LISTED ENTRIES Block Start

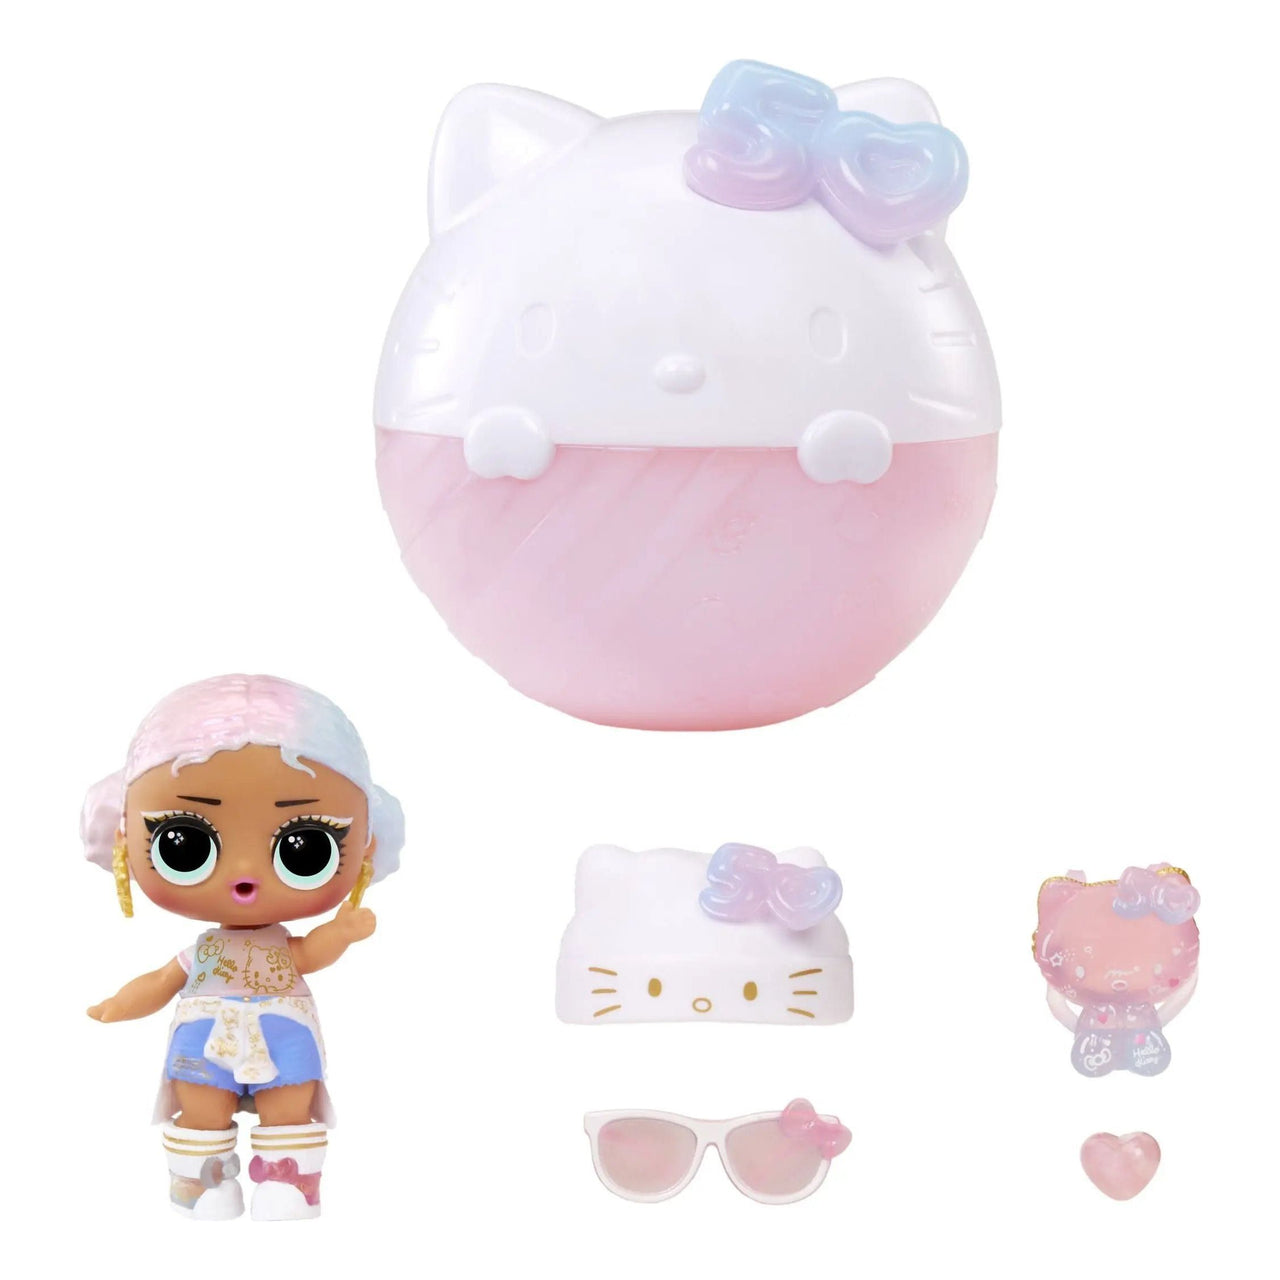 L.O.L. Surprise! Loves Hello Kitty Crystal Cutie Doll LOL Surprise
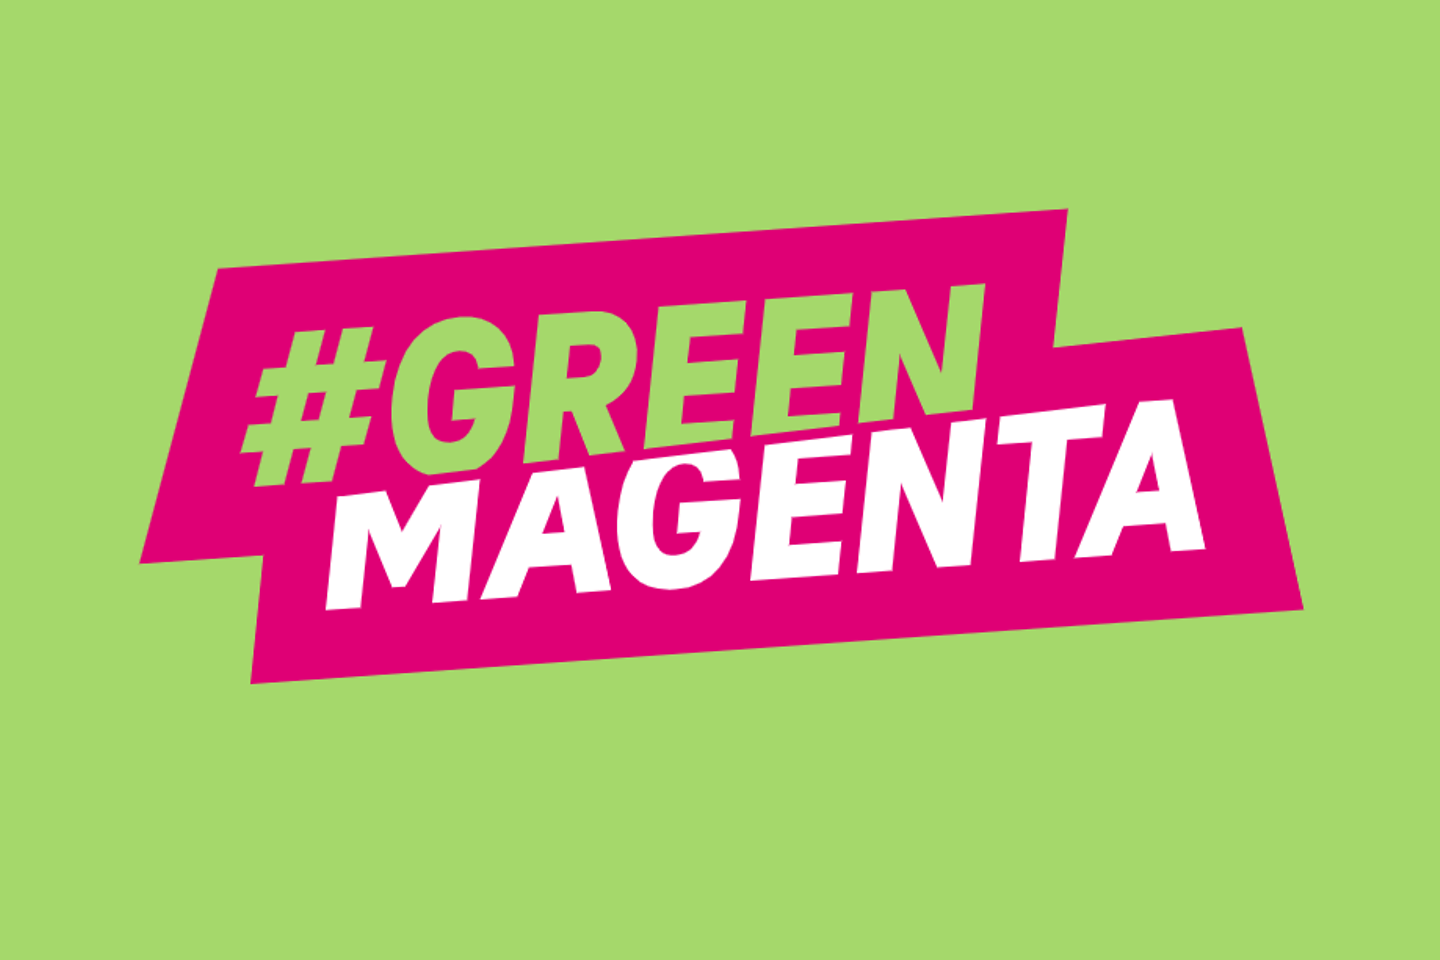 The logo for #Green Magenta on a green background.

LISTED ENTRIES Block End
LISTED ENTRIES Block Start

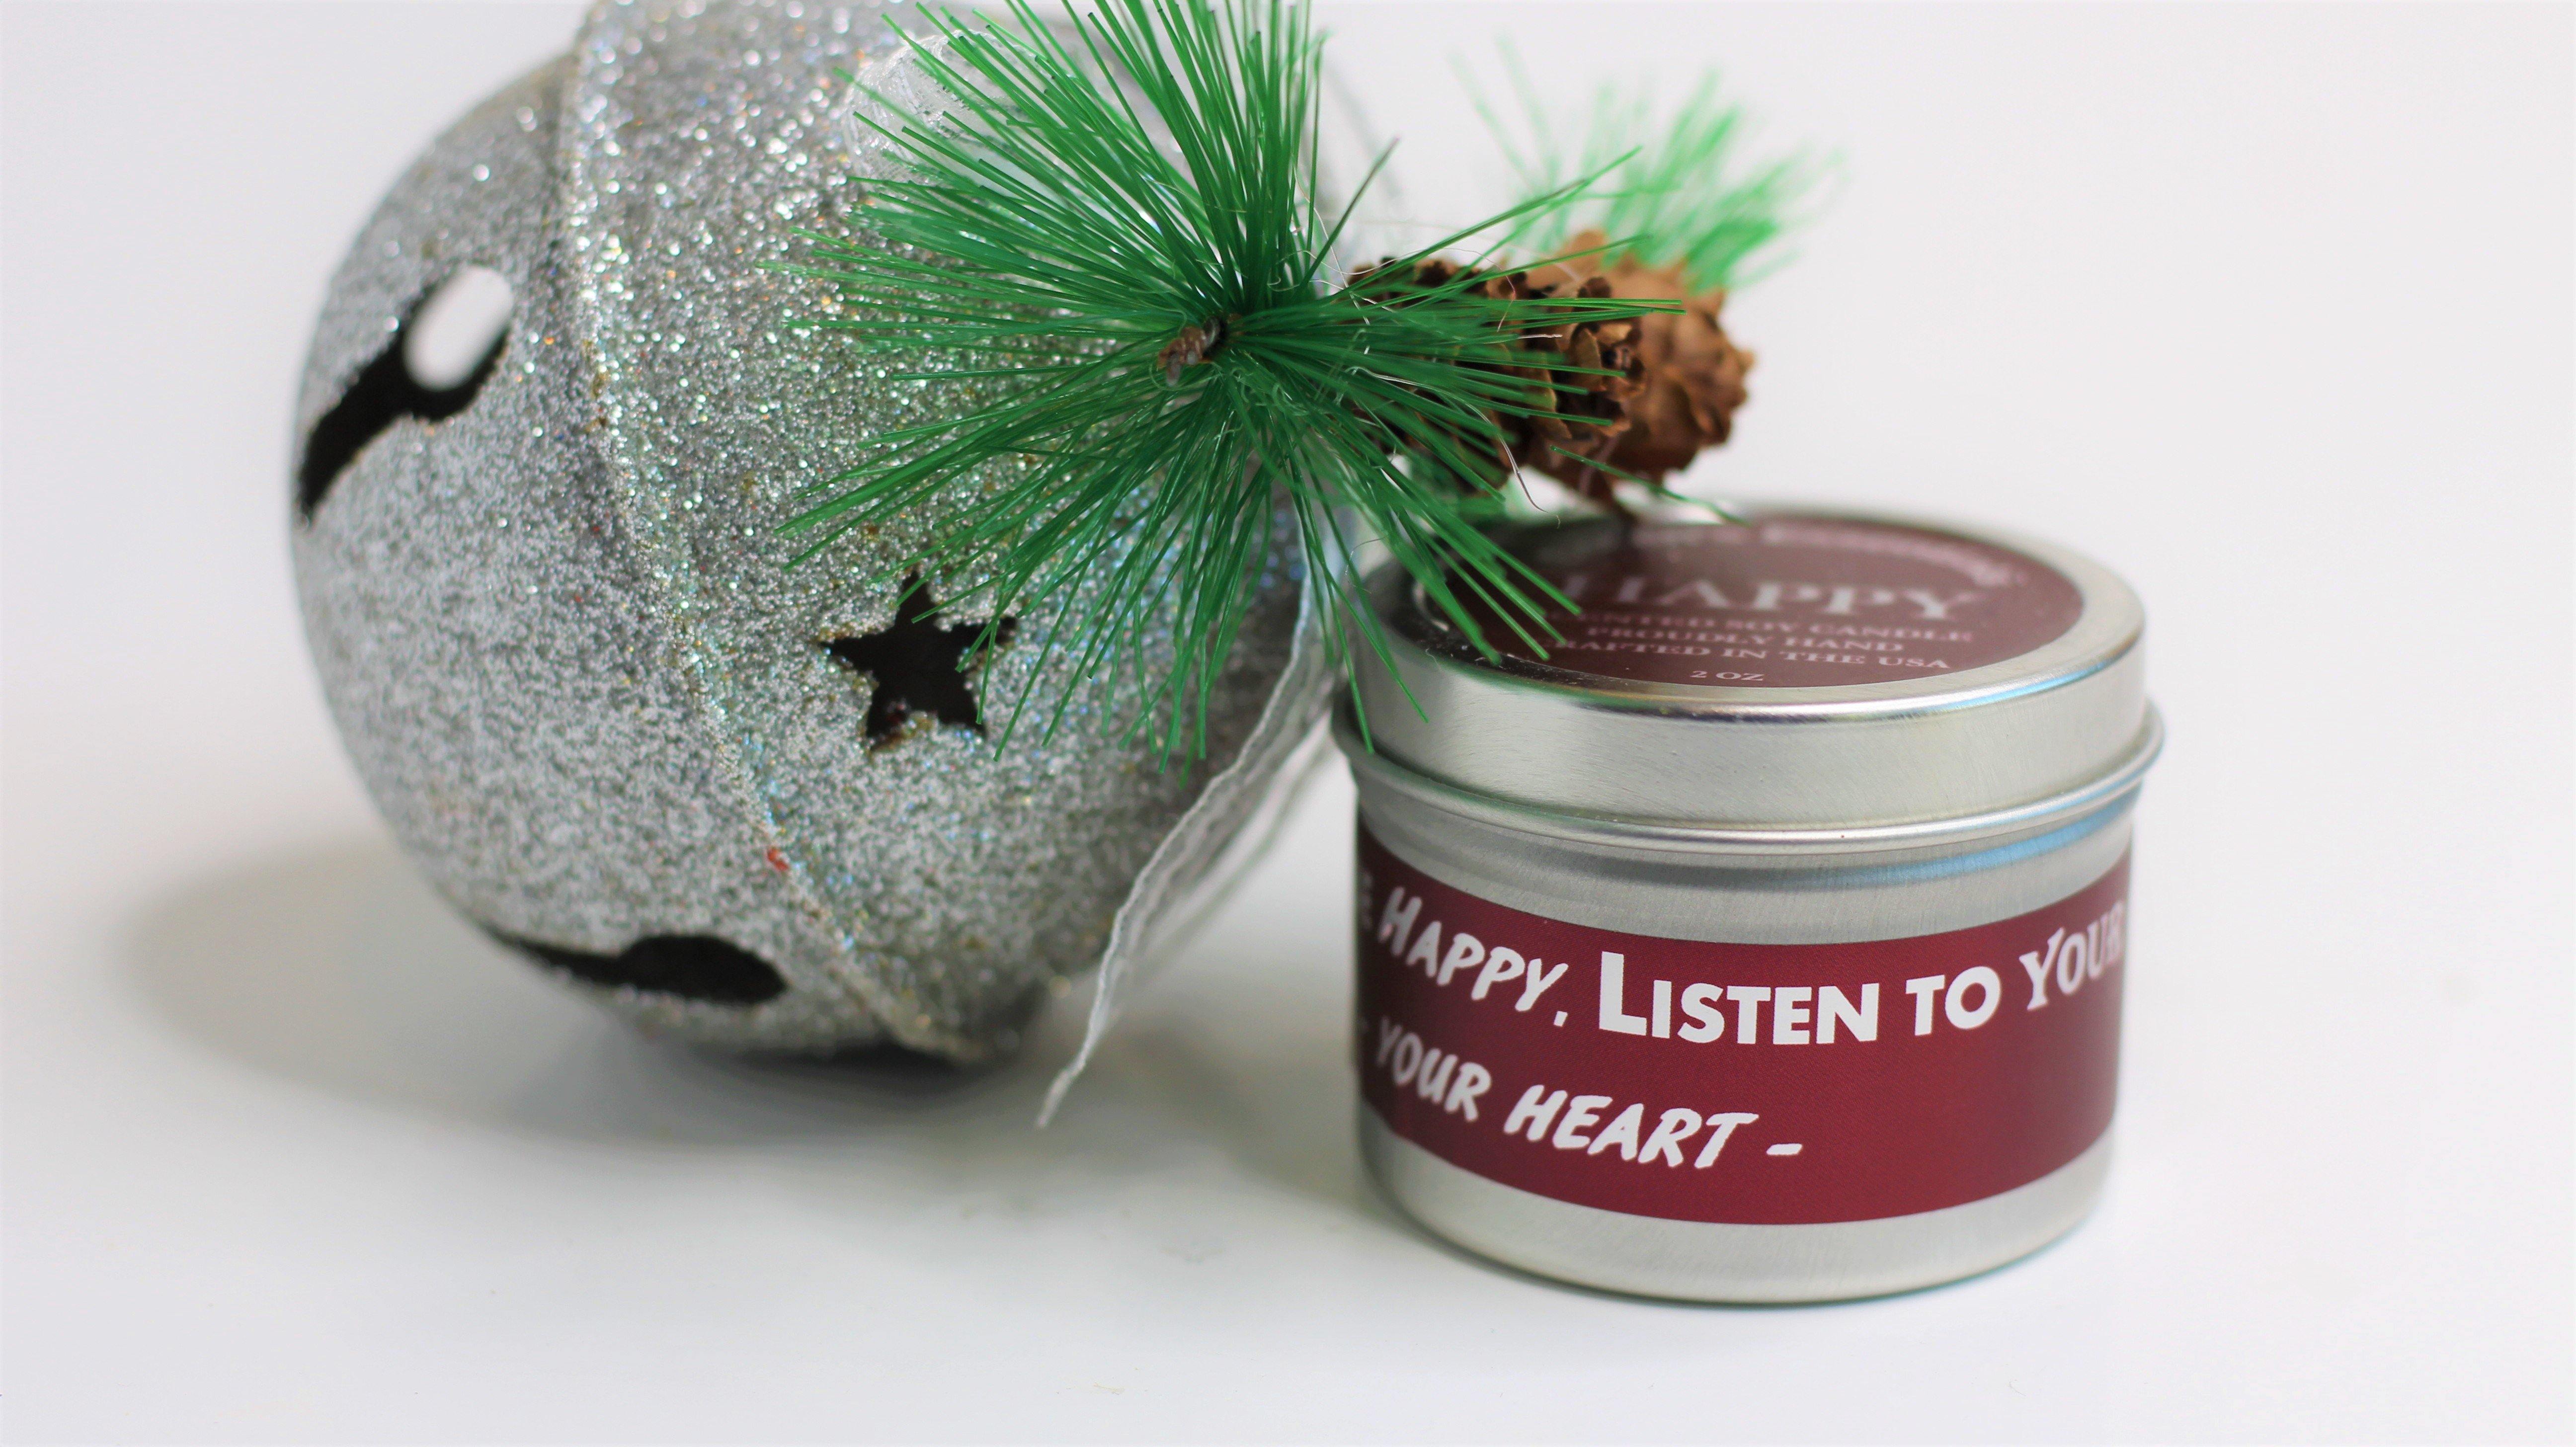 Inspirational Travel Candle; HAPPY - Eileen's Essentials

LISTED ENTRIES Block End

Would you transcribe the lines above exactly, going from the line bearing "L.O.L. Surprise! Loves" through the line bearing "The logo for", and drop the pictures from the copy?

_TASK SOLUTION_
 L.O.L. Surprise! Loves Hello Kitty Crystal Cutie Doll LOL Surprise
 The logo for #Green Magenta on a green background.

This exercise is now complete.